**WHAT IS REQUIRED:** Print nothing but the lines below starting at the line that holds "Trending 15 Hottest" and ending at the line that holds "MVPindex's 'The Masters", including both, each exactly as written.

**RECORDED INFORMATION:**
-=-=-

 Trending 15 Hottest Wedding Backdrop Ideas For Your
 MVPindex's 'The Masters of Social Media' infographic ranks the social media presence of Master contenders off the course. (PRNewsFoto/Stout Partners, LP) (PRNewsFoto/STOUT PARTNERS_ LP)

-=-=-

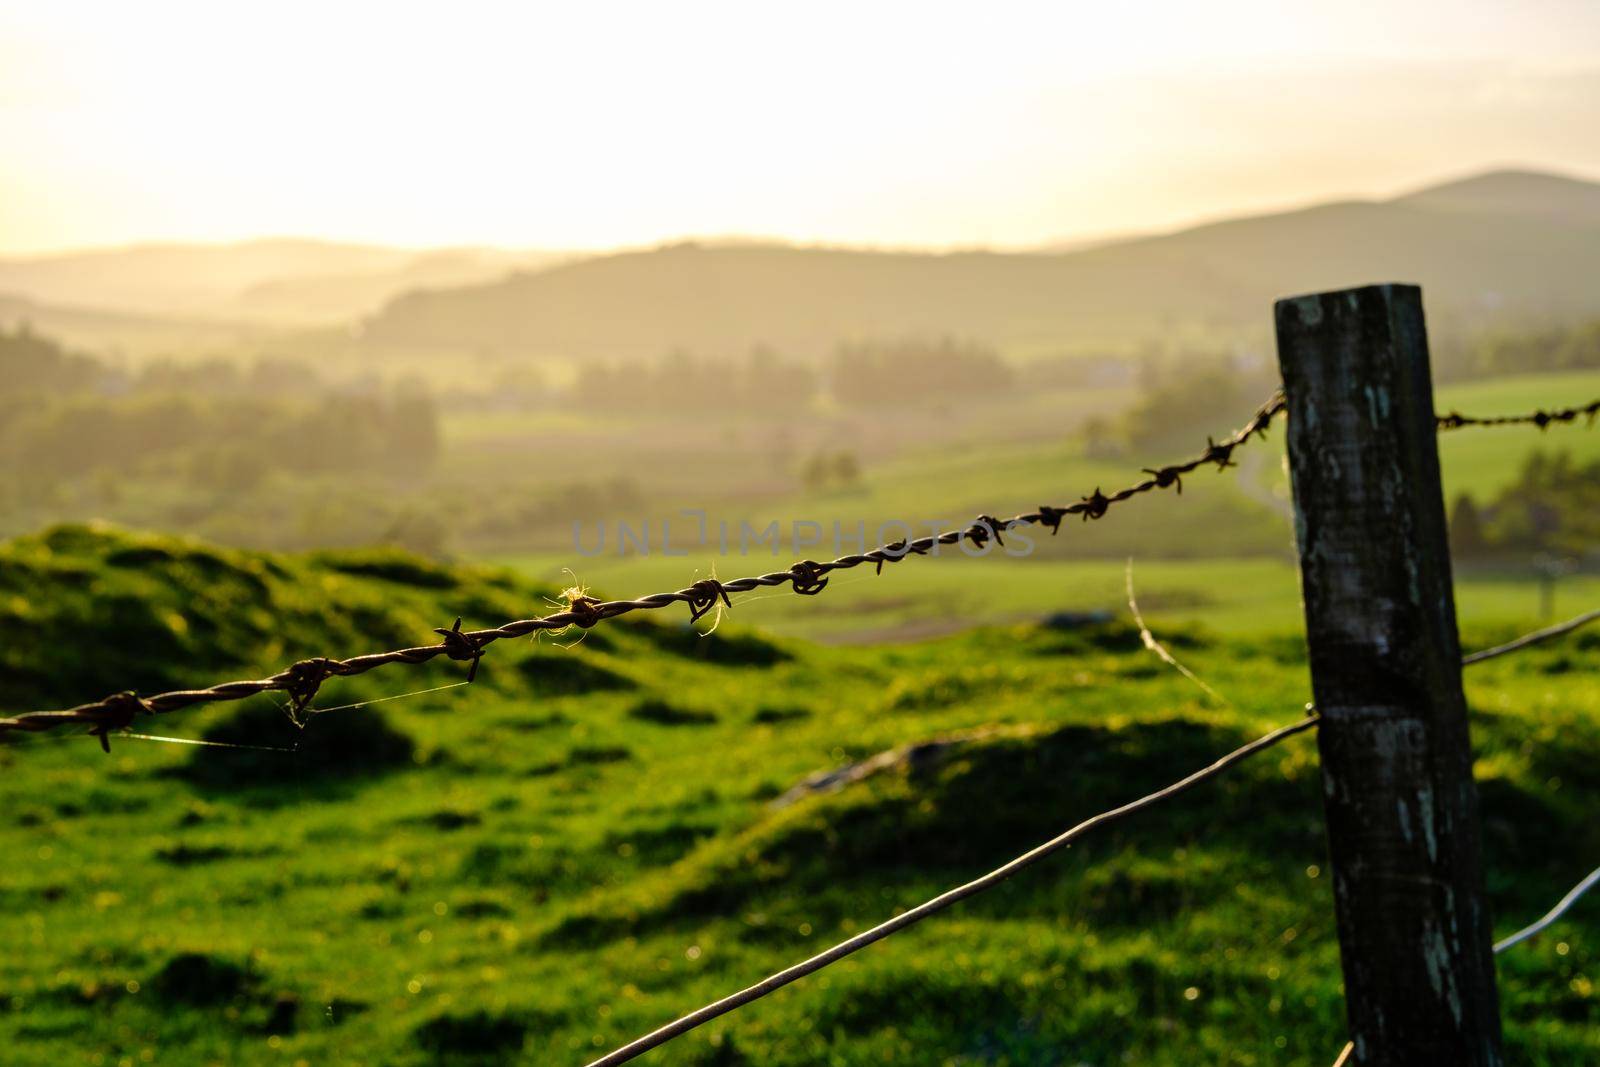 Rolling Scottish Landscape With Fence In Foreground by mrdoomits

-=-=-

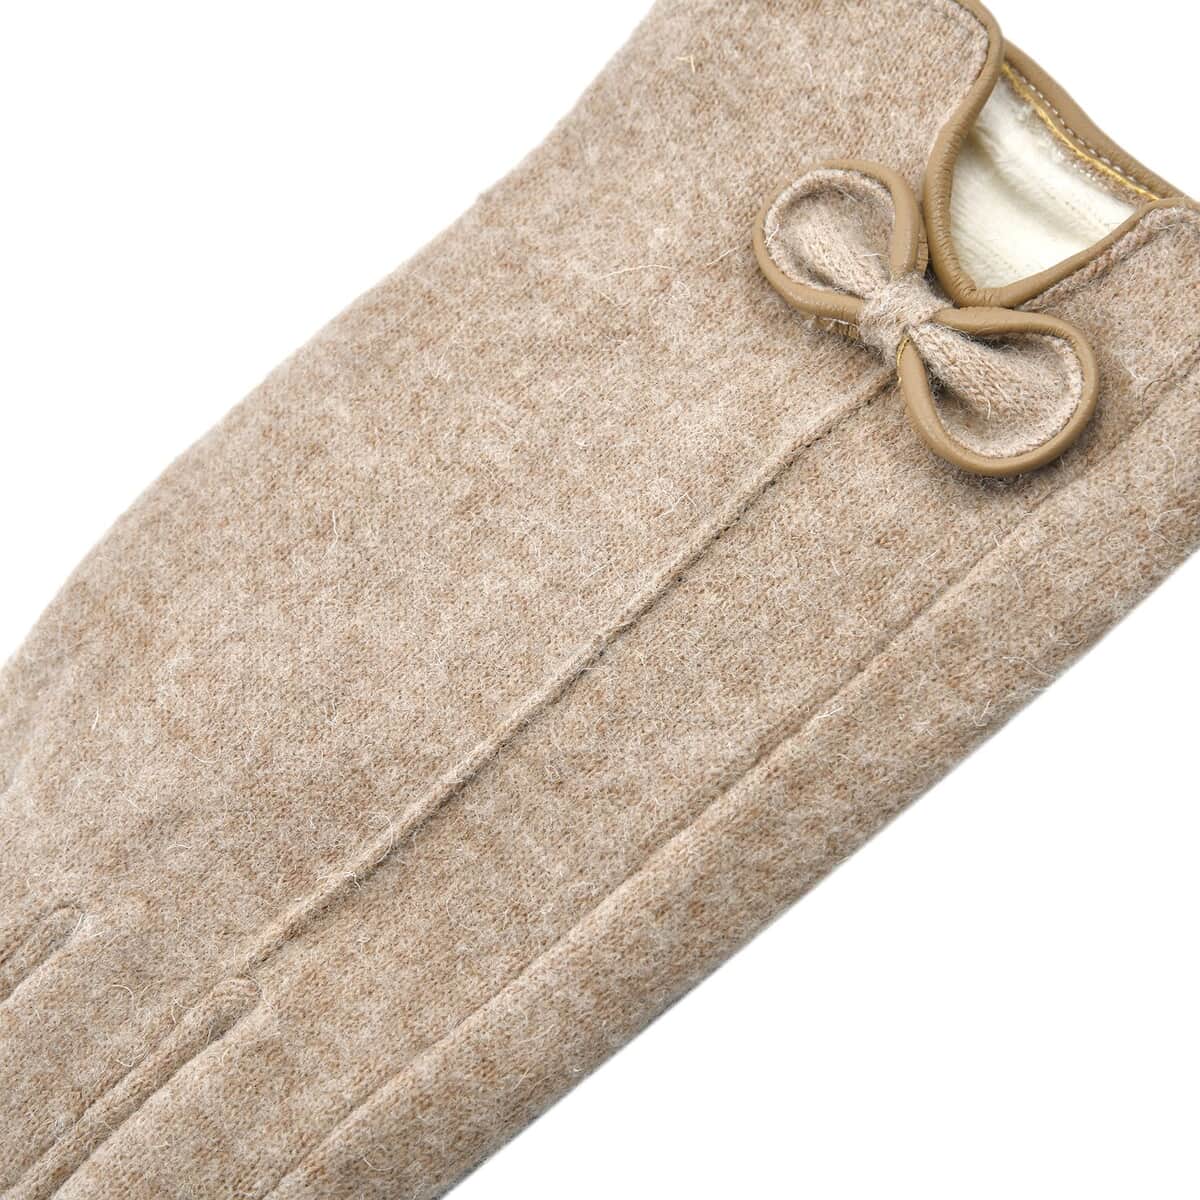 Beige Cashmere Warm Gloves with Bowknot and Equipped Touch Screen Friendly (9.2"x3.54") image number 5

-=-=-

**RESULT:**
 Trending 15 Hottest Wedding Backdrop Ideas For Your
 MVPindex's 'The Masters of Social Media' infographic ranks the social media presence of Master contenders off the course. (PRNewsFoto/Stout Partners, LP) (PRNewsFoto/STOUT PARTNERS_ LP)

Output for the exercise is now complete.